Di seguito segnali un paio di suggerimenti per proseguire sulla resistenza civile, eco-compatibile a basso impatto sul pianeta.
Sul numero di maggio di Starbene (ora in edicola) c’è un articolo proprio sui trattamenti di bellezza fai-da-te in casa. Non l’hai guardato bene, che ieri sera eri di fretta, ma può essere un inizio. Su quello stesso numero ci sono anche esortazioni a comprare frutta e verdura di stagione e a km zero: le esortazioni sono corredate di ricette per usare i prodotti agricoli di questa stagione. Chi necessitasse di altre ricette per usare nello specifico la frutta e la verdura di stagione, in genere può far riferimento a una qualsiasi rivista di cucina. Una delle migliori in questo senso (molto orientata alla cucina sana e agli ingredienti biologici) è CucinaLight, peccato solo che le ricette siano scritte maluccio.
Altri suggerimenti arriveranno in seguito, se qualcuno ne ha da segnalare nei commenti non può che farti felice.
Adesso hai un’altra priorità. La conferenza stampa a Roma con l’Amministratore Delegato di Gruppo, prevista per il 14 luglio, è stata spostata al (un asiolitico, presto!) 29 maggio. Come anche la lettrice più modaiola avrà intuito, la preoccupazione del vestito adatto è scivolata in fondo, preceduta da questioni per così dire, "più tecniche": tipo trovare il luogo adatto, chiamare le persone giuste, sperando che con le elezioni non siano saltate, preparare la documentazione e la scaletta e altre quisquilie di questo genere. Eppure, lo ammetti, appena Mirando ti ha dato la notizia la tua reazione è stata: "Cavoli, ma così è prima dei saldi!" Stavolta lui ha riso.

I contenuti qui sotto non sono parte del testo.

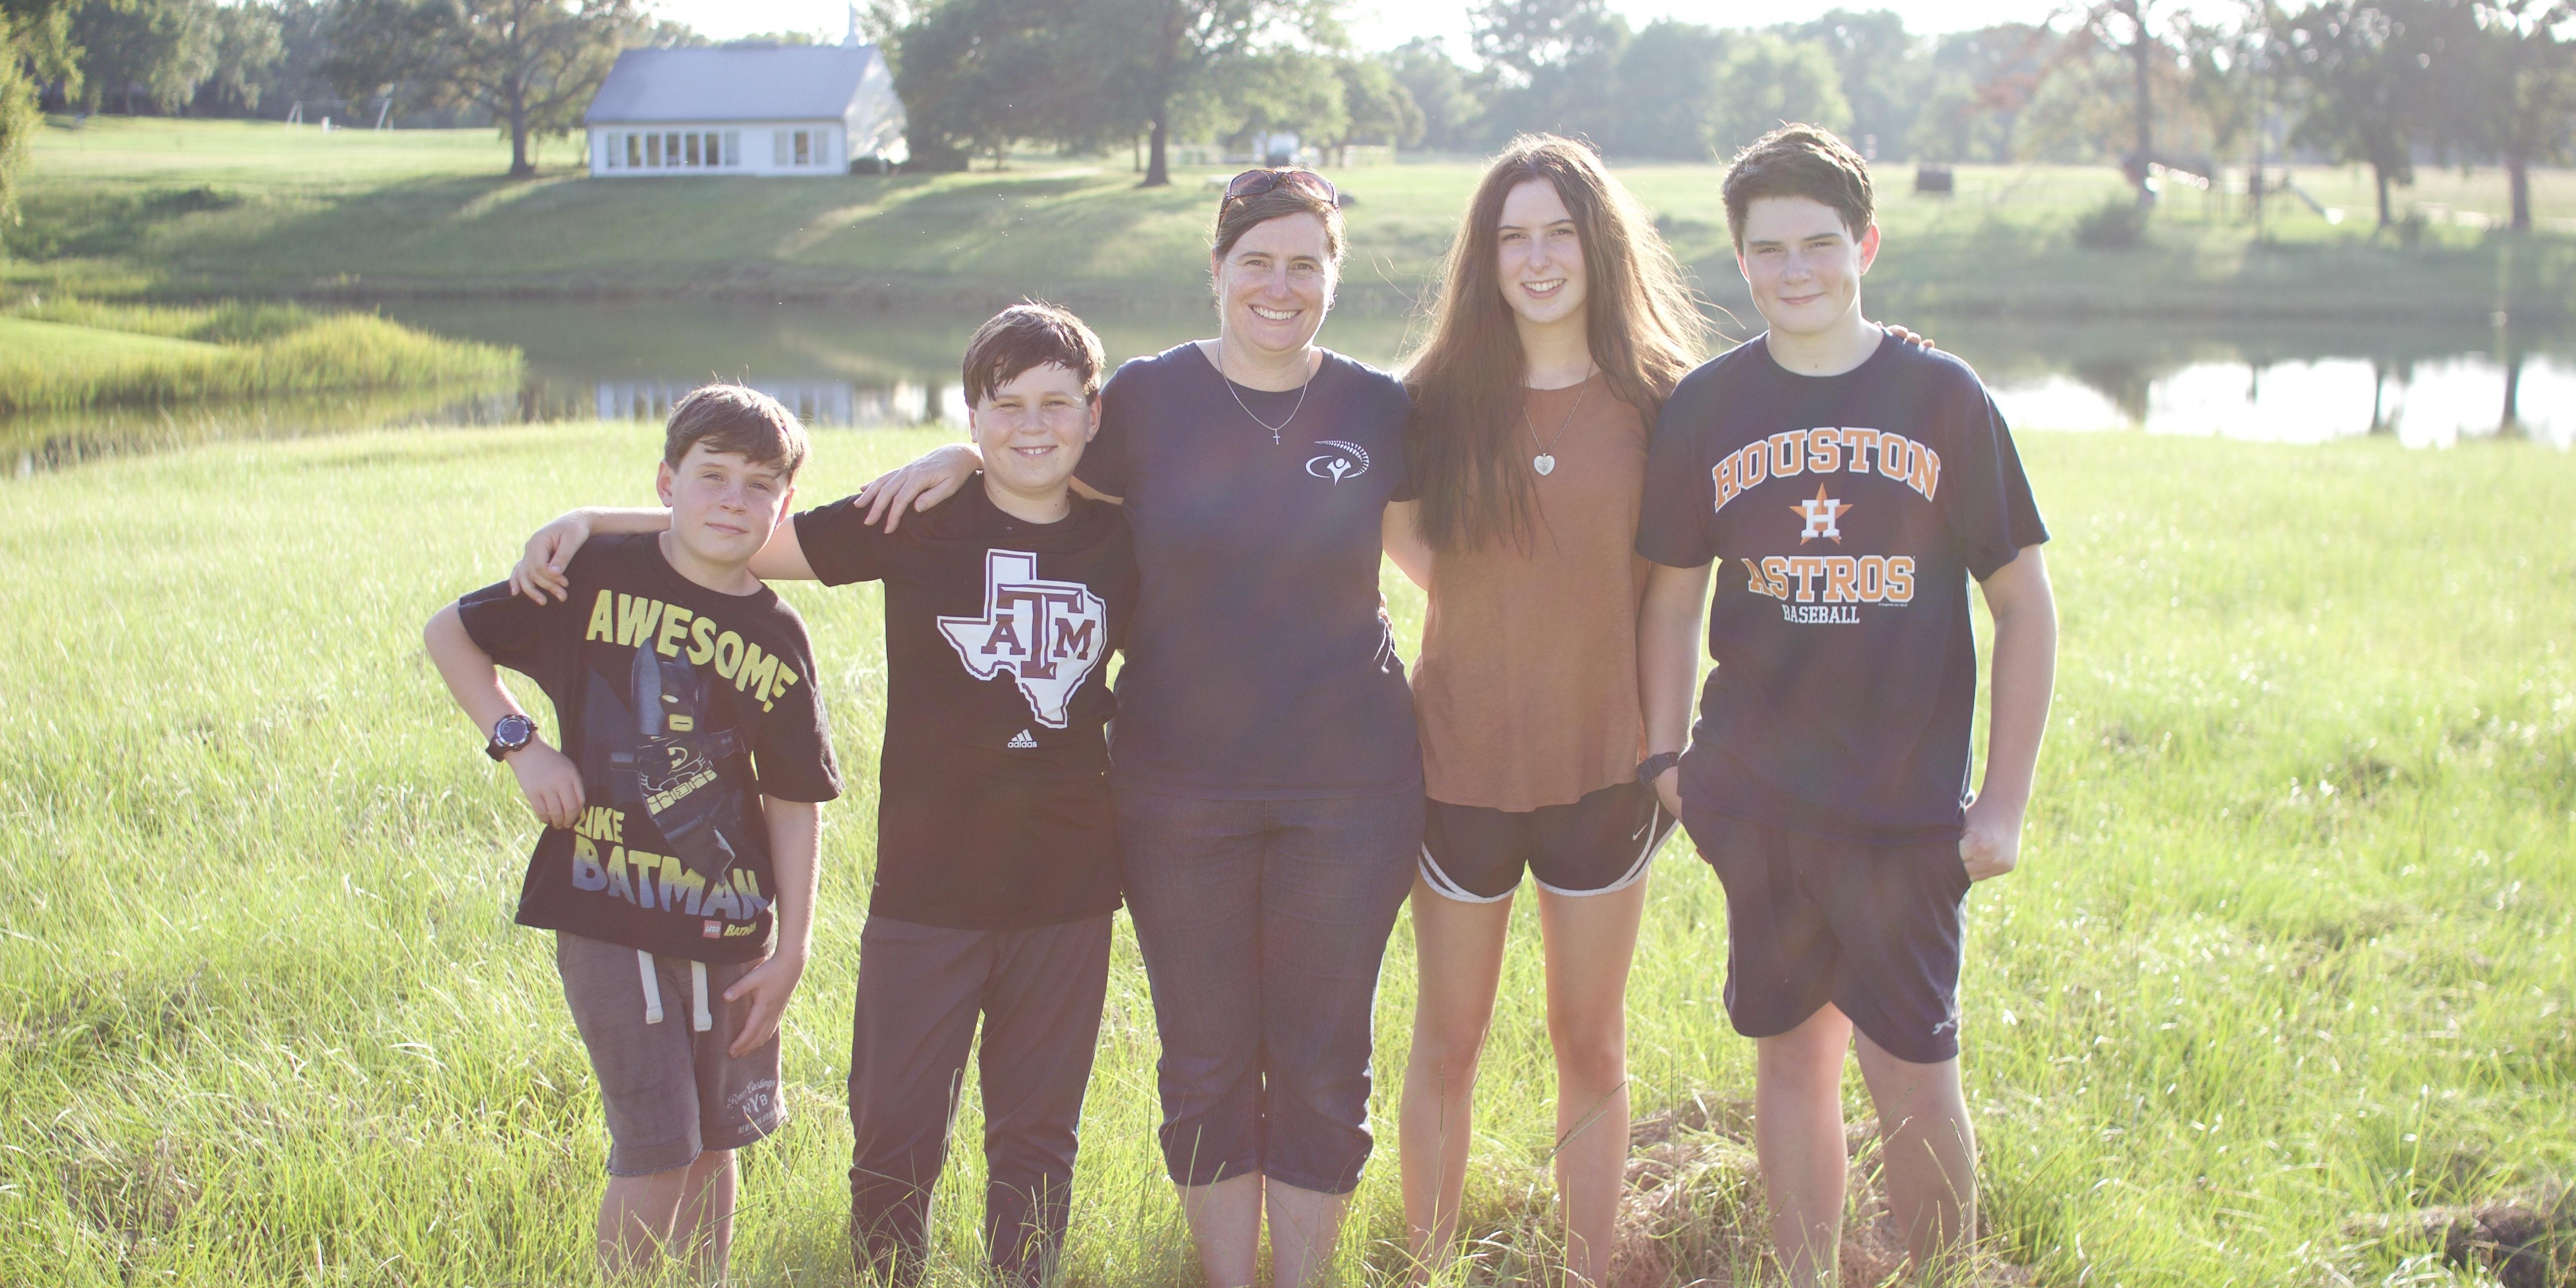 Brown Family-658187-edited.jpg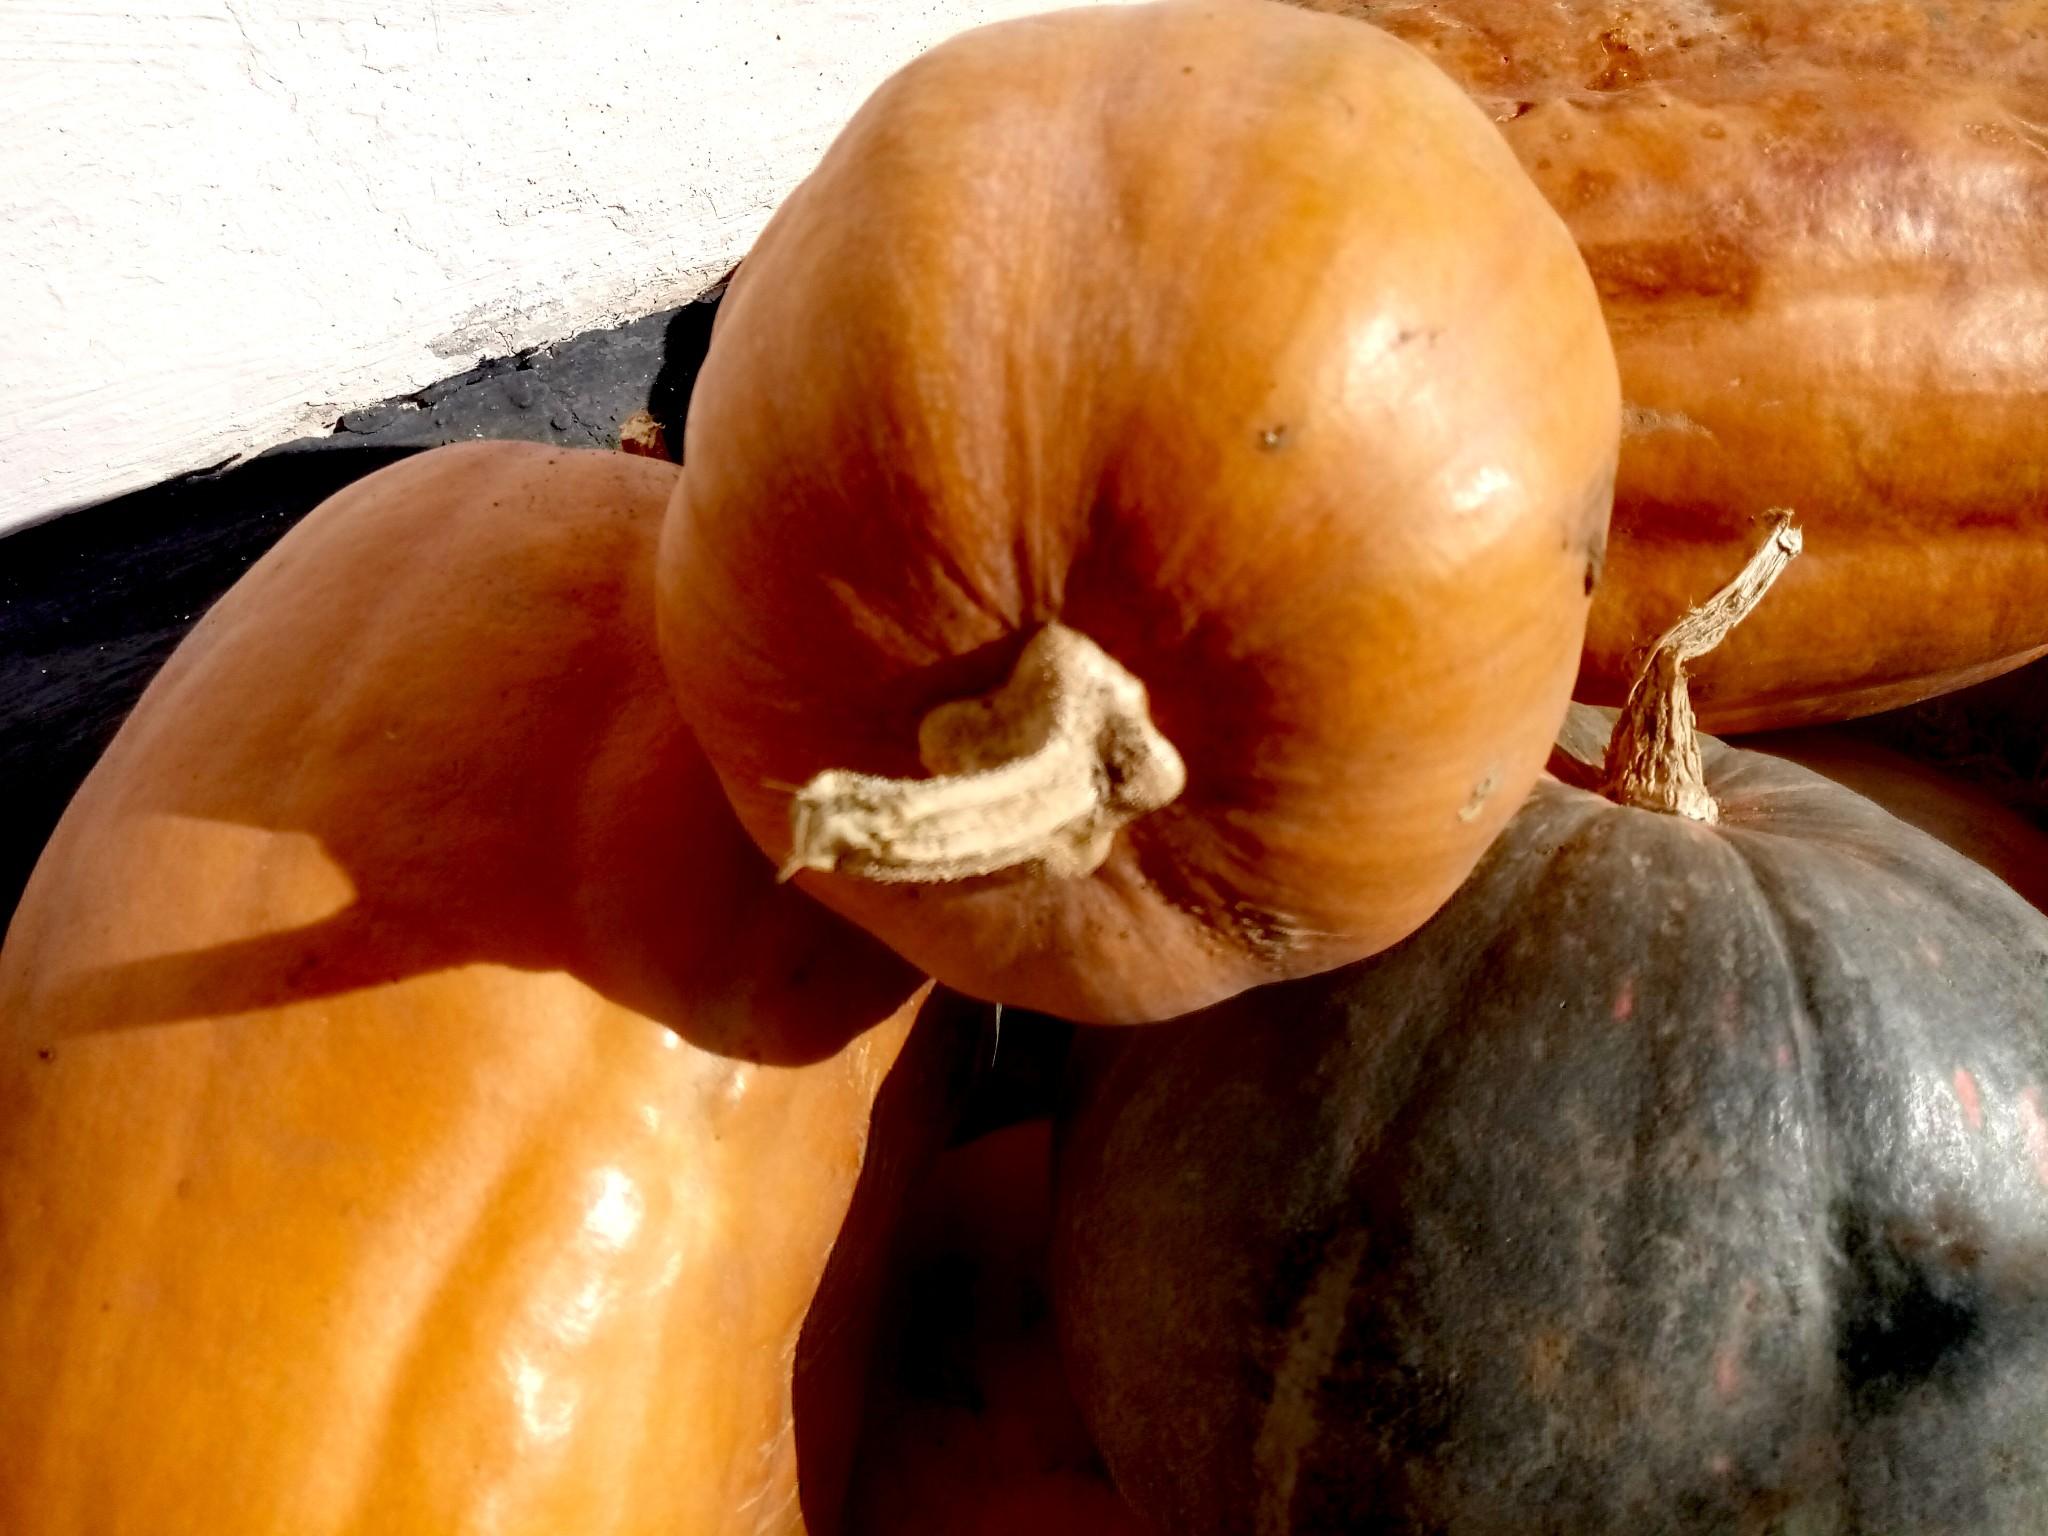 Pumpkins photo 8

In ufficio la situazione non lavorativa è tesa. Tutto quello che il capo del personale diceva dei tuoi colleghi è tristemente vero. Tu sei diversa da loro e perciò ti isolano. Per davvero: fanno comunella tra di loro parlando a bassa voce perché tu non li senta. I vostri rapporti sono limitati all’urbano saluto. Per fortuna hai molto da fare e nemmeno li noti. Quando esagerano, ti alzi e lasci l’ufficio. Per ora funziona.
Ah: chi si ricorda che il capo del personale aveva sottolineato più volte la questione del look e qualcuno nei commenti lo aveva tacciato di essere superficiale? Be’, un collega con oggi fa 20 giorni che viene in ufficio con la stessa Lacoste e gli stessi jeans.